• TO DO: Return the records as they stand. No picture is to be included.

• DATA FOR THIS TASK:

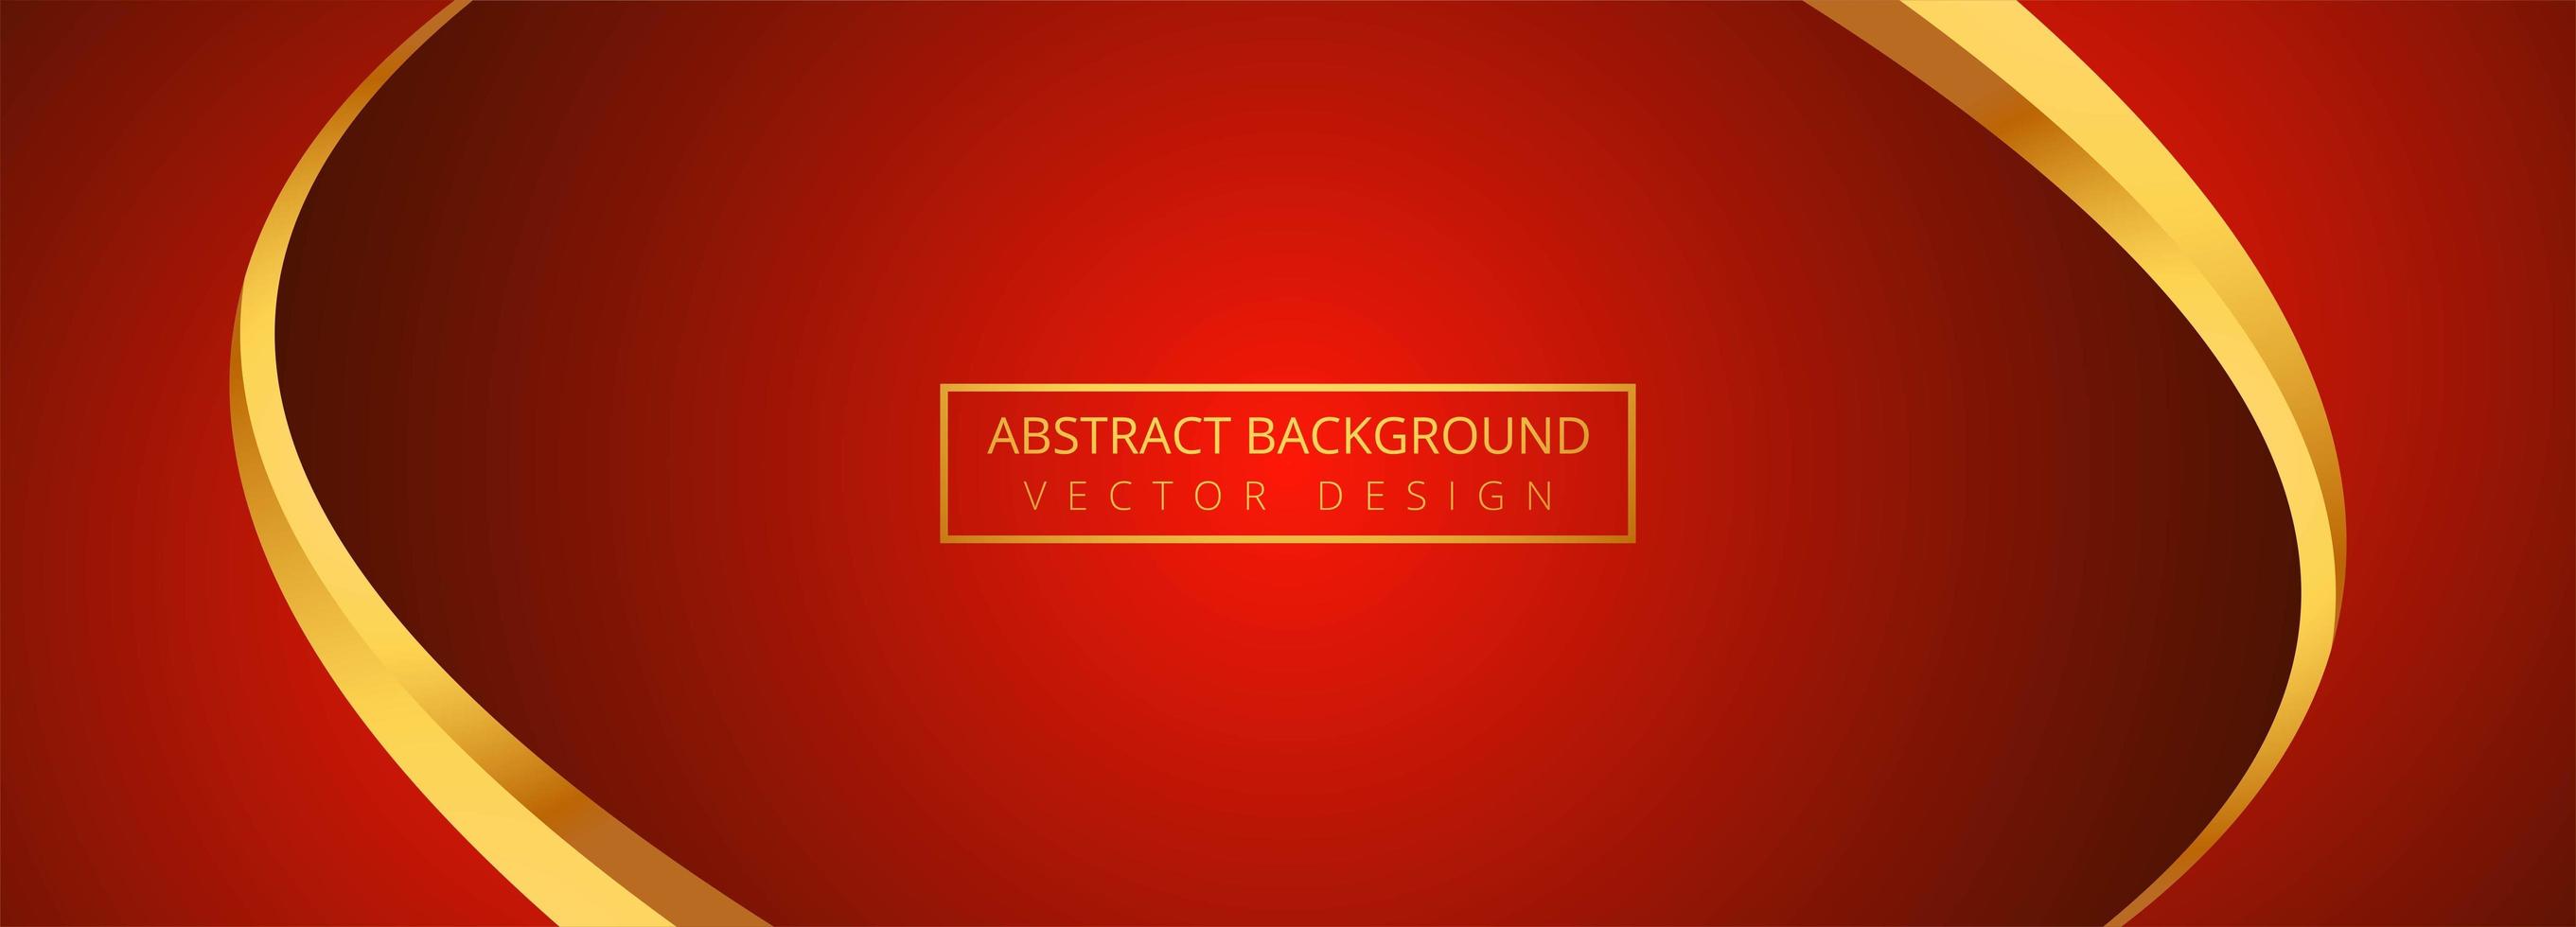 Abstract golden wave with red banner background vector
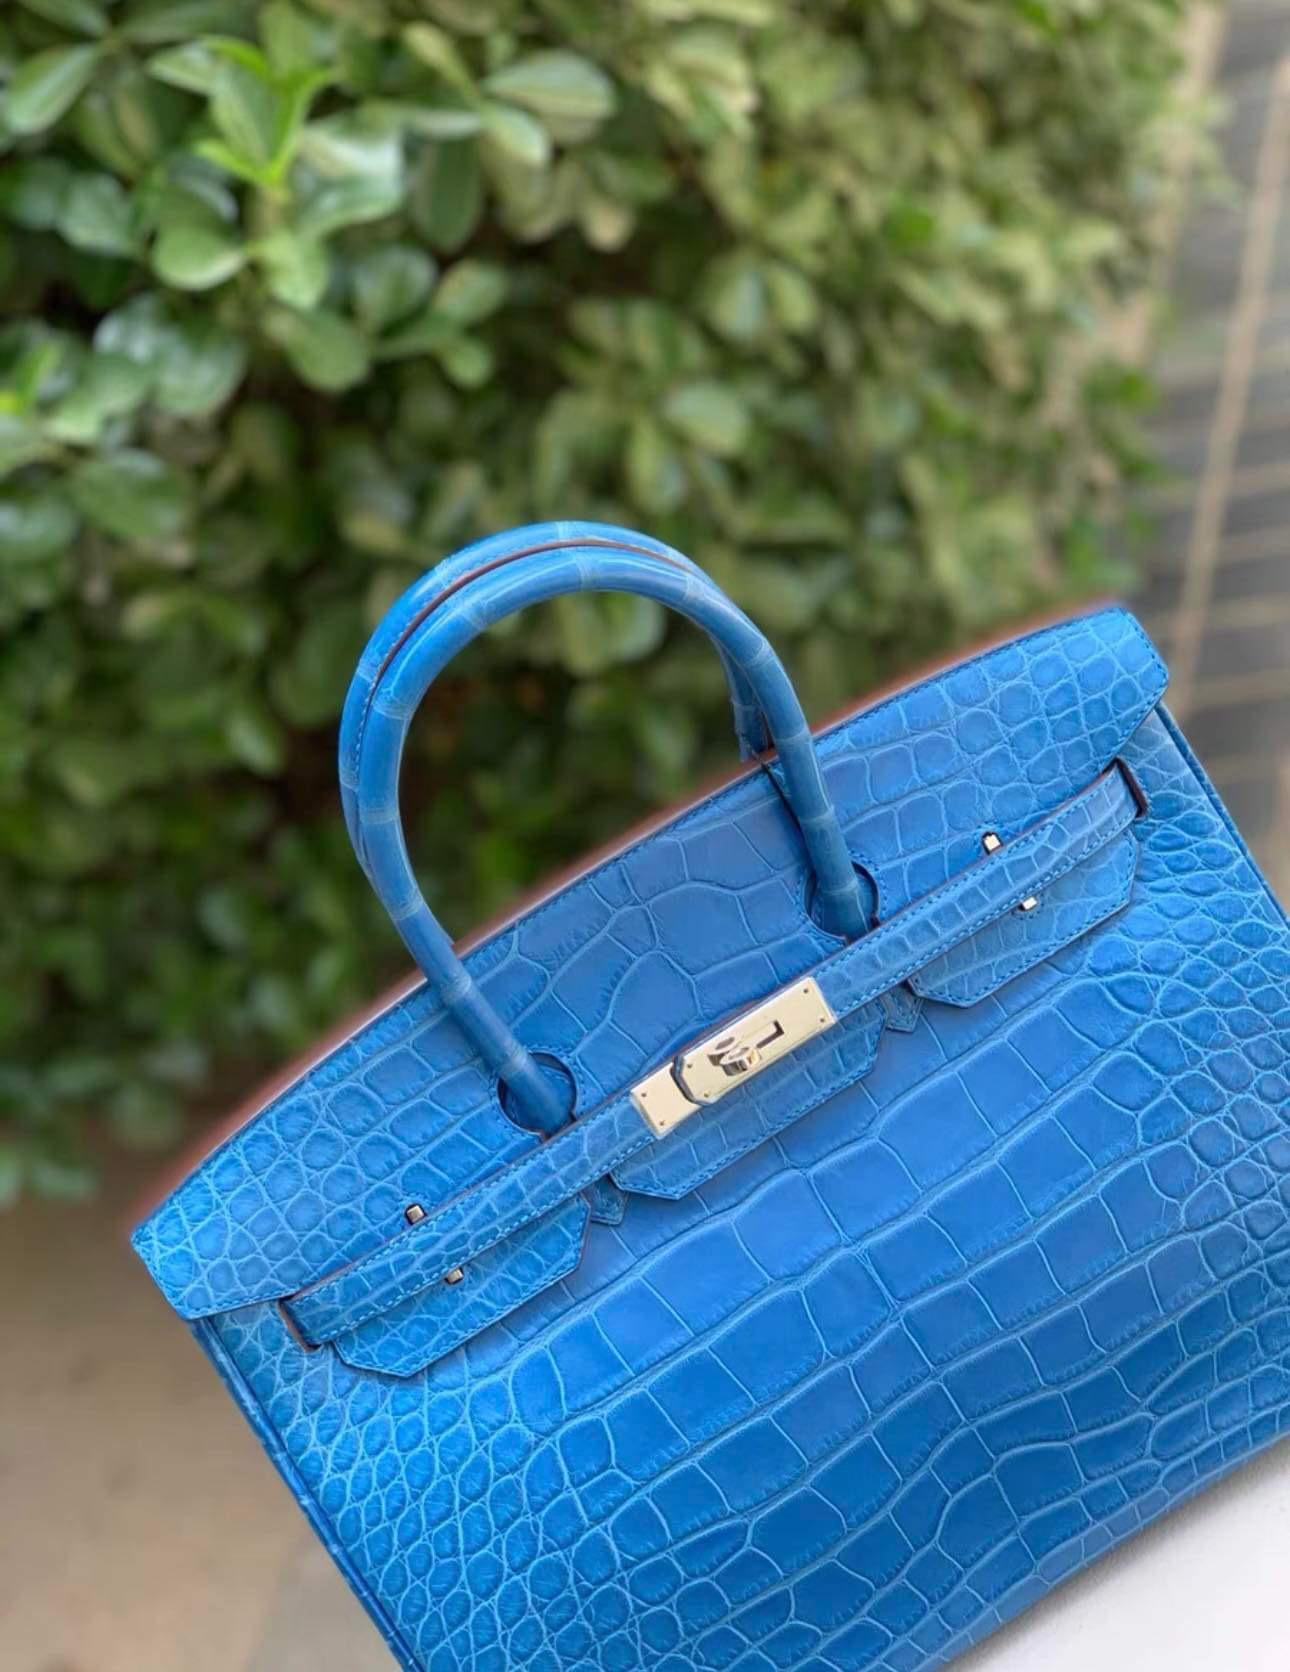 Rare MYKONOS blue in Matte Alligator is a collectors treasure. Fresh with palladium hardware this beauty is over the top divine and rare!  BRAND NEW, NEVER WORN.  Comes with lock, keys, clochette, sleeper, original orange HERMES box.   
This Birkin
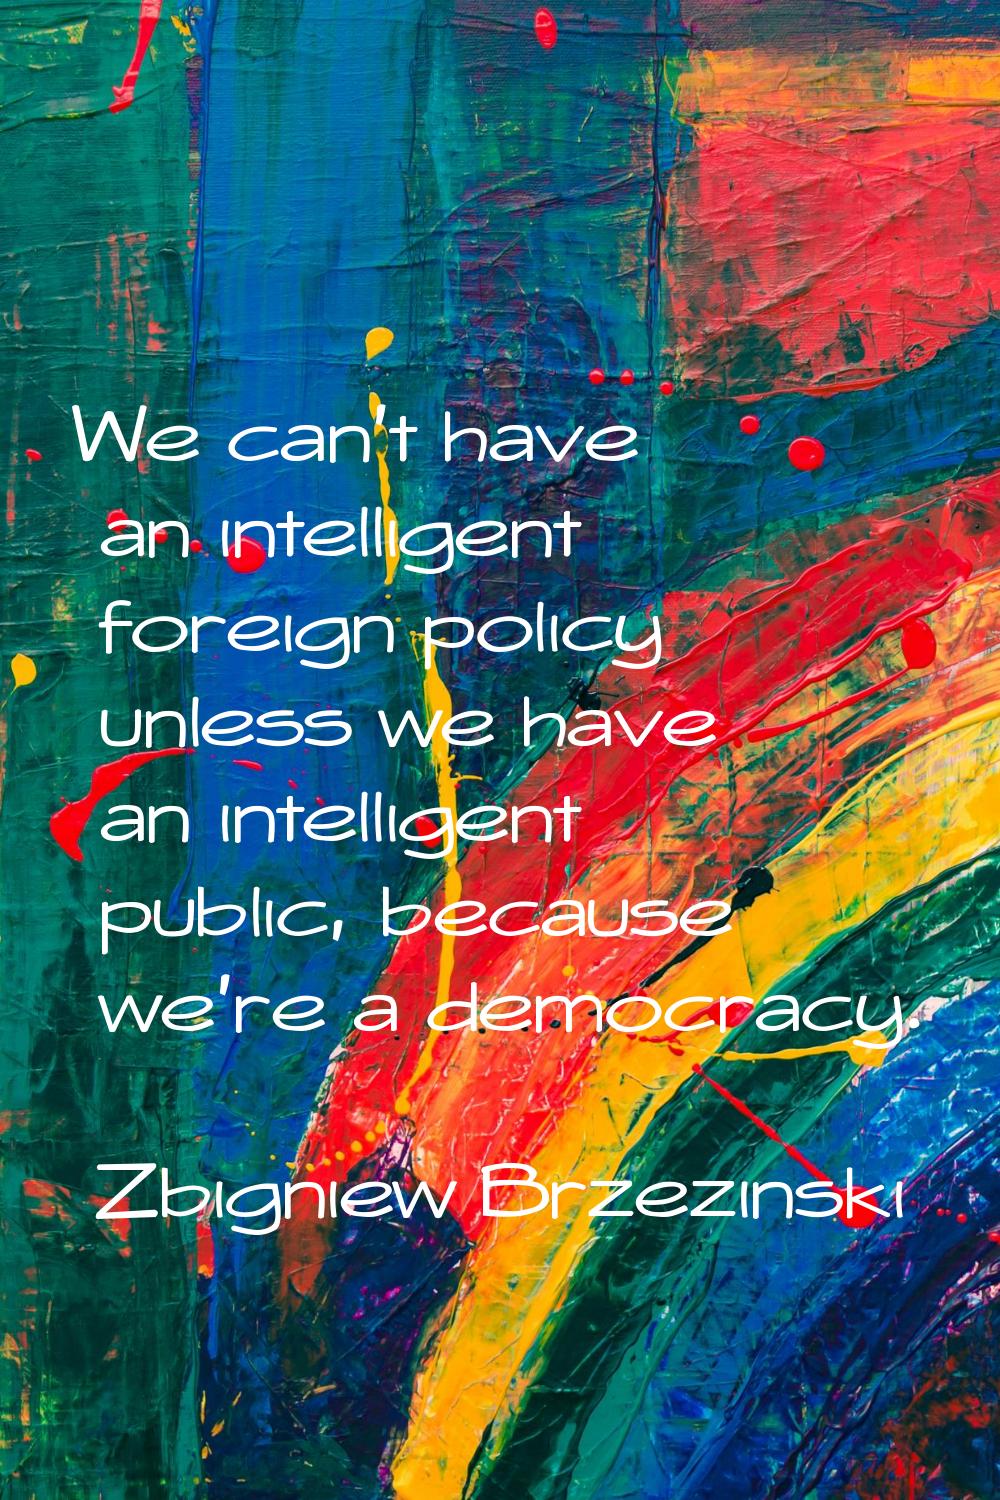 We can't have an intelligent foreign policy unless we have an intelligent public, because we're a d
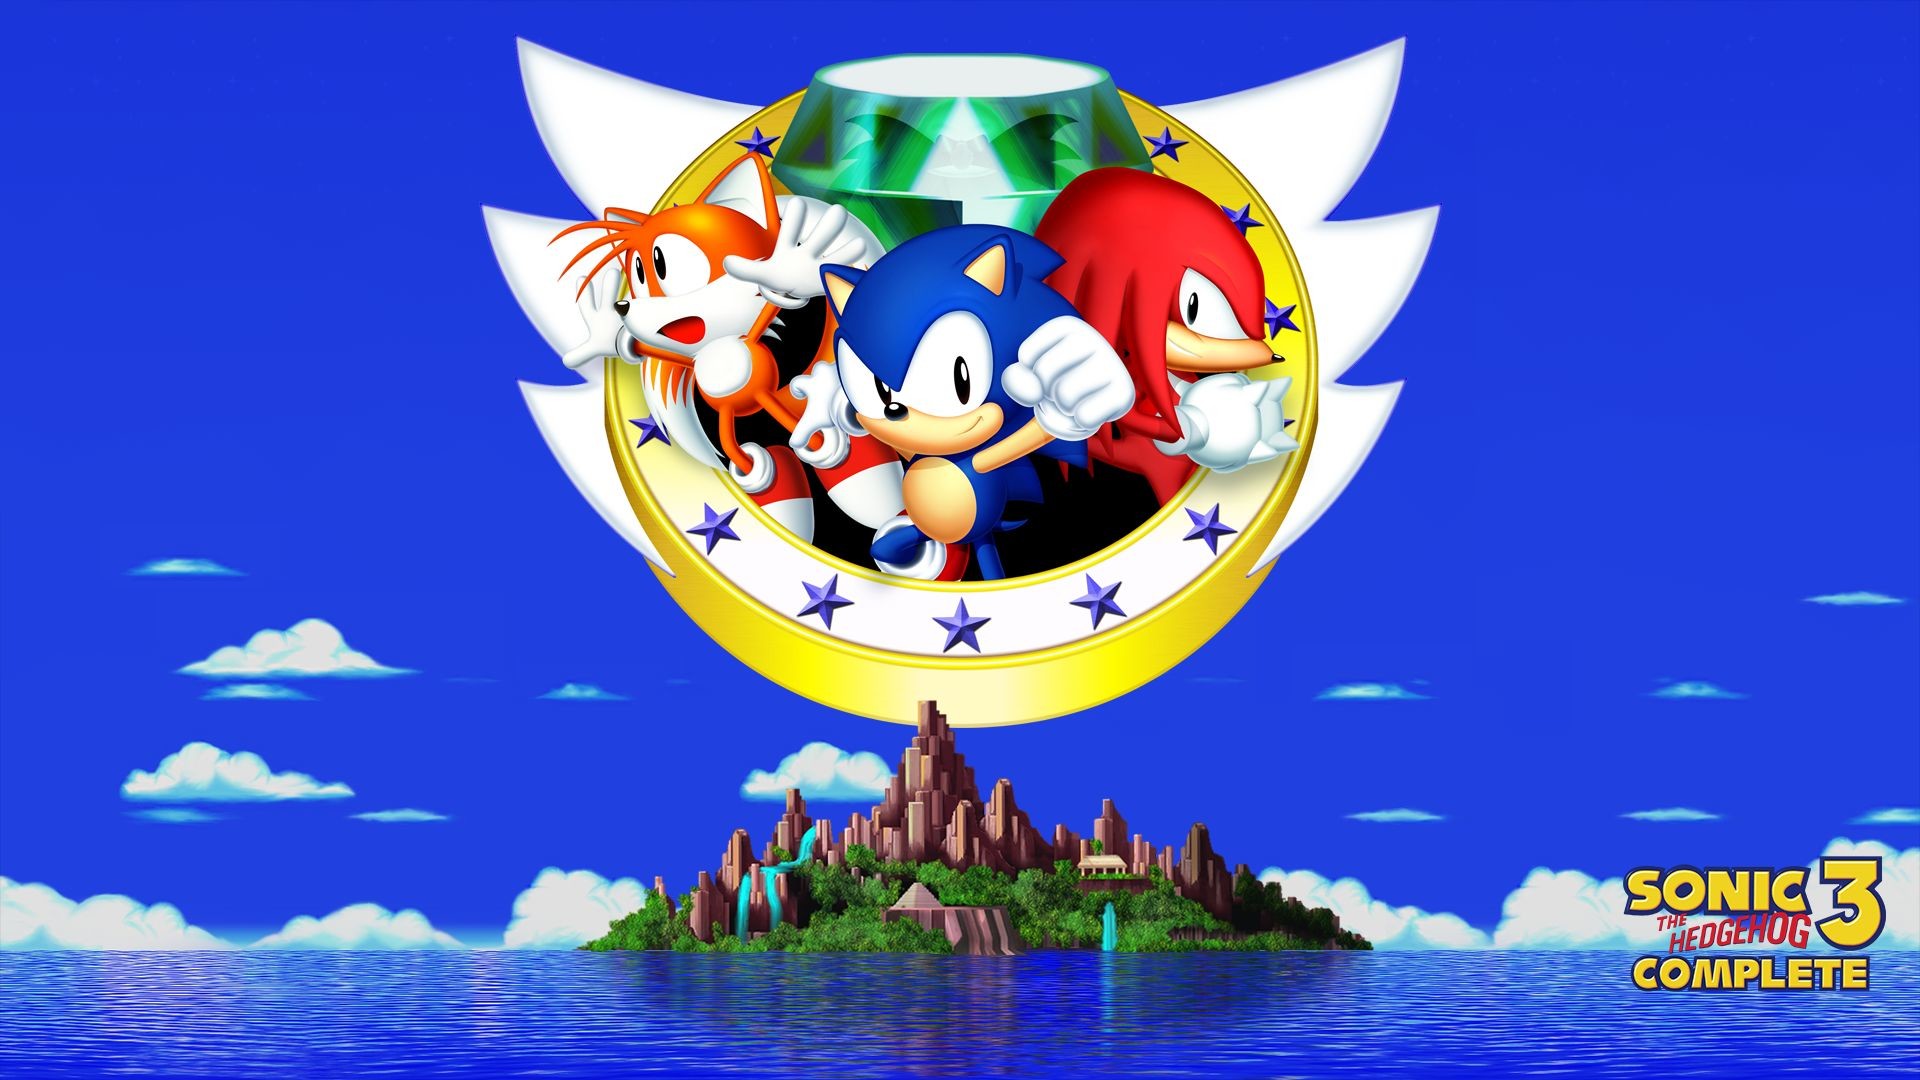 1920x1080 Video Game - Sonic the Hedgehog 3 Wallpaper

• REPLY TO THE TASK:
 Abstract golden wave with red banner background vector
 Rare MYKONOS blue in Matte Alligator is a collectors treasure. Fresh with palladium hardware this beauty is over the top divine and rare!  BRAND NEW, NEVER WORN.  Comes with lock, keys, clochette, sleeper, original orange HERMES box.   
This Birkin
 We can't have an intelligent foreign policy unless we have an intelligent public, because we're a d
 1920x1080 Video Game - Sonic the Hedgehog 3 Wallpaper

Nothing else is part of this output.